I my case, these strings were not part of UserComment, but rather of
some of the other metadata fields.
As it turns out, I am likely the guy who Robin is thinking of & who sent
him all those bug reports encountered during my 32-bit Windows build of
Exiv2lib for my app.
Some of these build problems were resolved by my using vcpkg to install
some of the dependencies, but I have meanwhile backed away from vcpkg
until I can sort out some of the issues I have run into in my setup.
Vcpkg, when installed the default way, takes over all instances of all
IDEs. For my environment, that is a problem & I have contacted MS, but
have not had any resolution yet.
Still, I have built a 32-bit exiv2lib for my app and if necessary, I
might be able to help with getting it compiled for someone else.
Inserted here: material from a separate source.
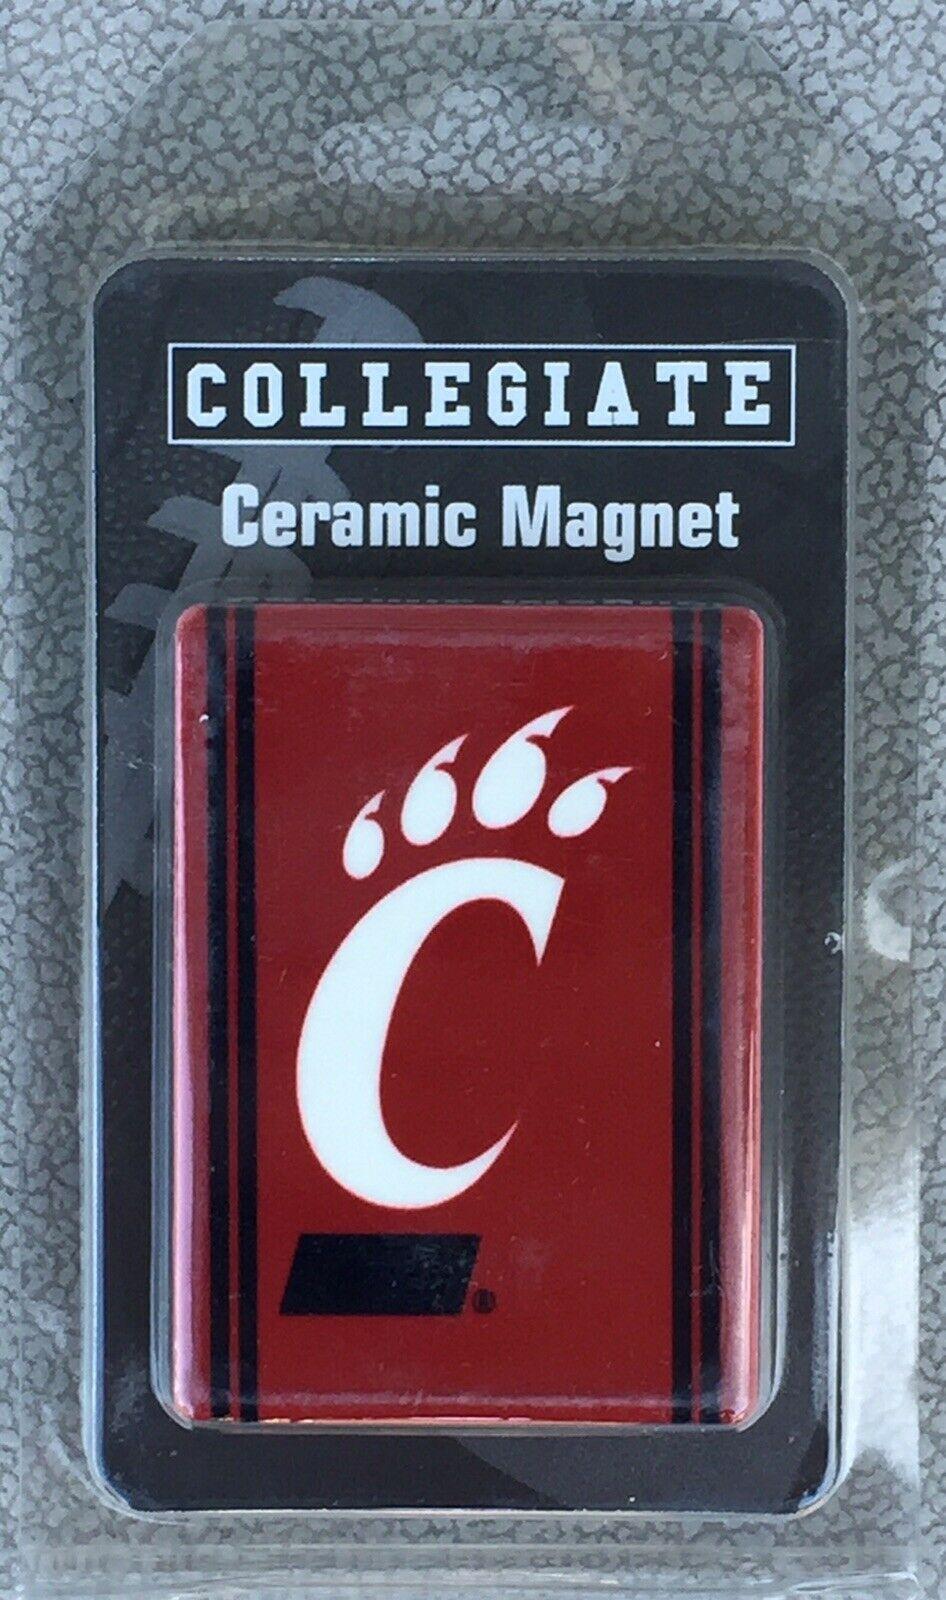 Cincinnati Bearcats Red NCAA Collegiate Ceramic Refrigerator Magnet - New - $6.96

If there are any images with such problem string, I would not mind
testing them on my app - mainly intended to be able to compare the
metadata in two images. It is nowhere near finished, but the basic
reading and display of the metadata works for my example files.
Arnold
…On 2020-08-04 3:53 AM, Robin Mills wrote:
Well the list of things TODO never gets shorter. Not because I'm not
making progress, it's because we live in an expanding universe!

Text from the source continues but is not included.